- _PROVIDED DATA_:
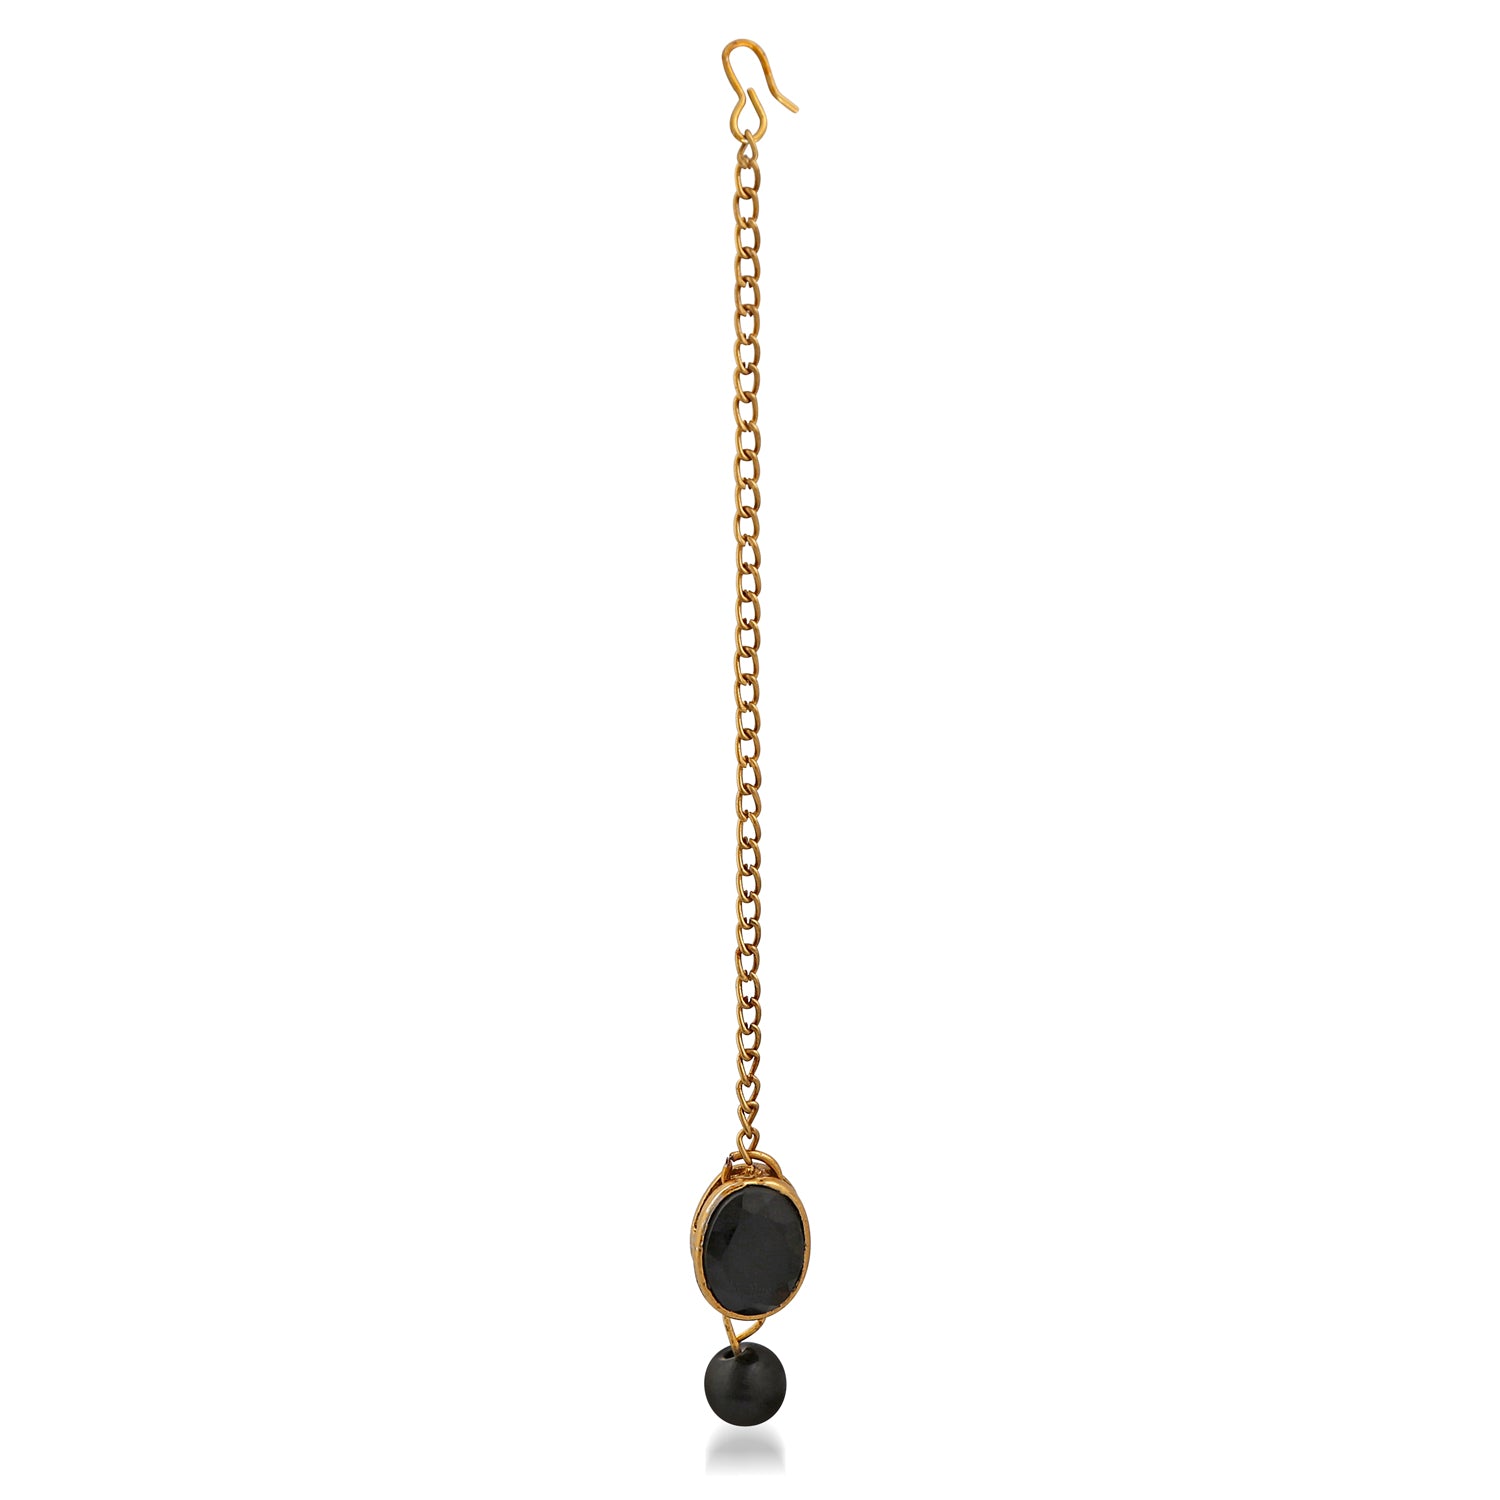 Ethnic Gold Plated Oval Shape Black Kundan Necklace set with Maang Tika and Bracelet
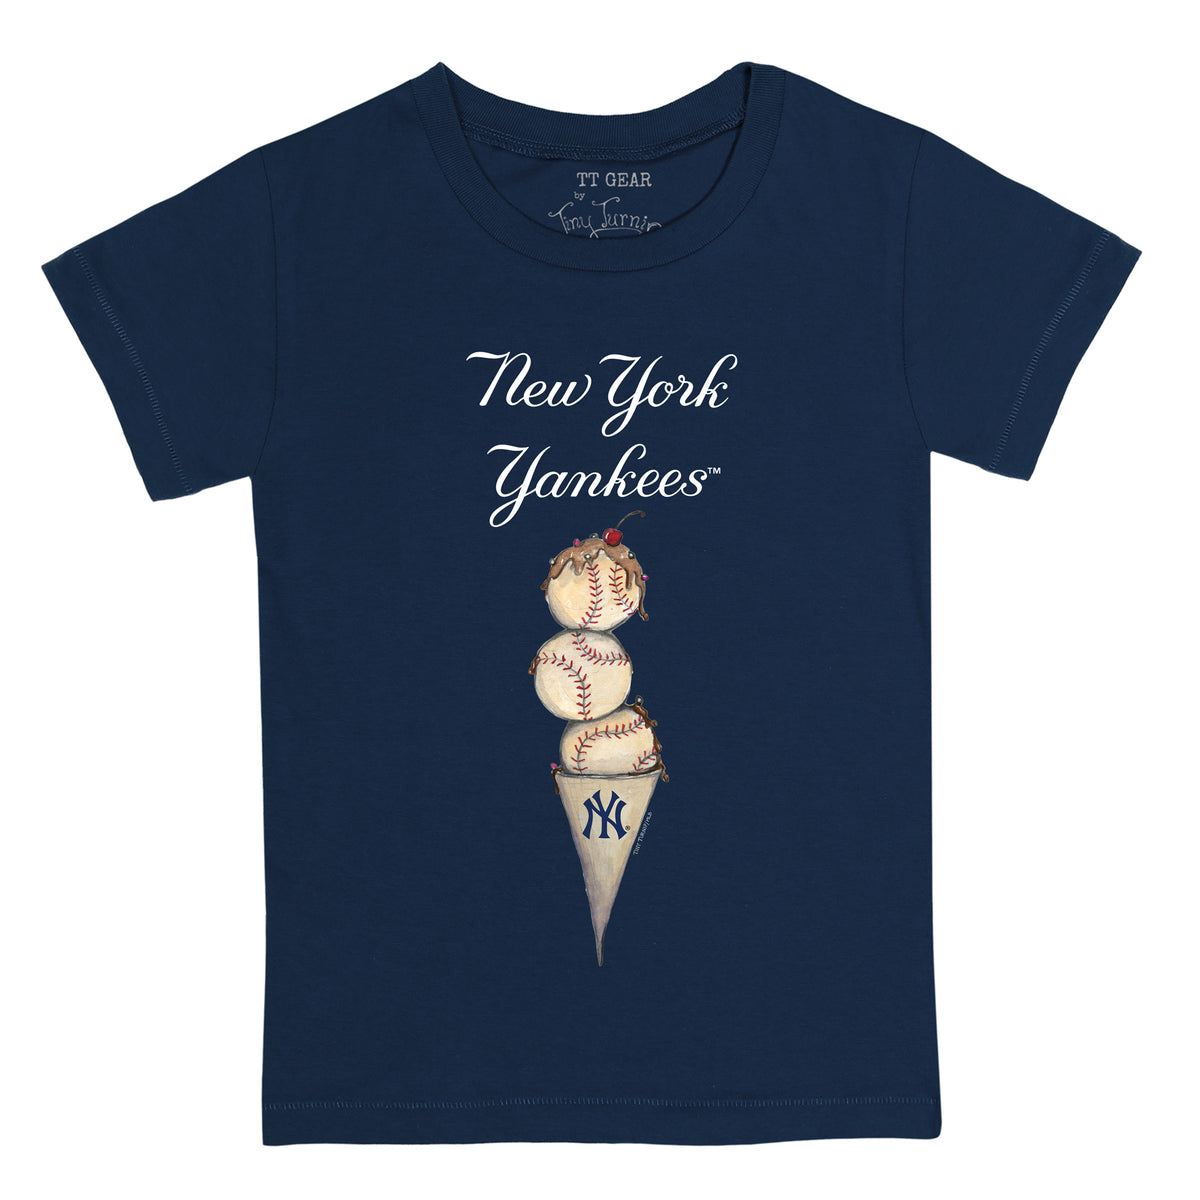 New York Yankees Kids Apparel, Yankees Youth Jerseys, Kids Shirts, Clothing
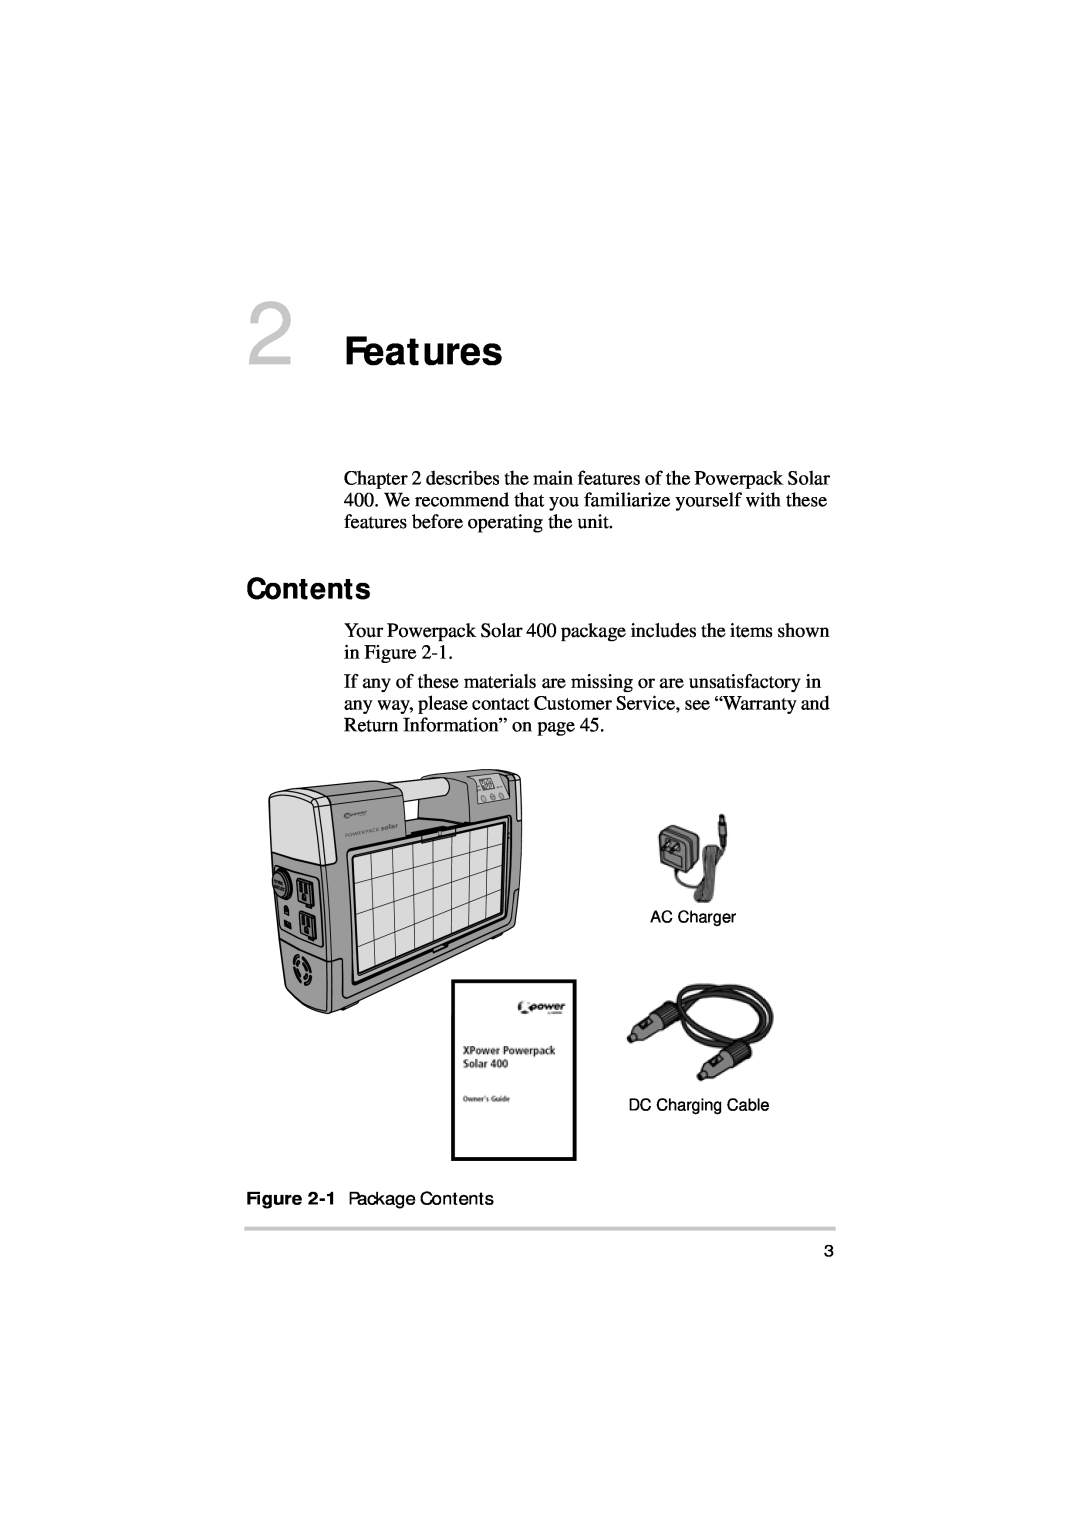 Xantrex Technology Solar 400 manual Features, Contents

- _WORK TASK_: Every line of the data above should be quoted exactly. Omit the pictures.

- _OUTPUT FOR THIS TASK_:
 Ethnic Gold Plated Oval Shape Black Kundan Necklace set with Maang Tika and Bracelet
 New York Yankees Kids Apparel, Yankees Youth Jerseys, Kids Shirts, Clothing
 Xantrex Technology Solar 400 manual Features, Contents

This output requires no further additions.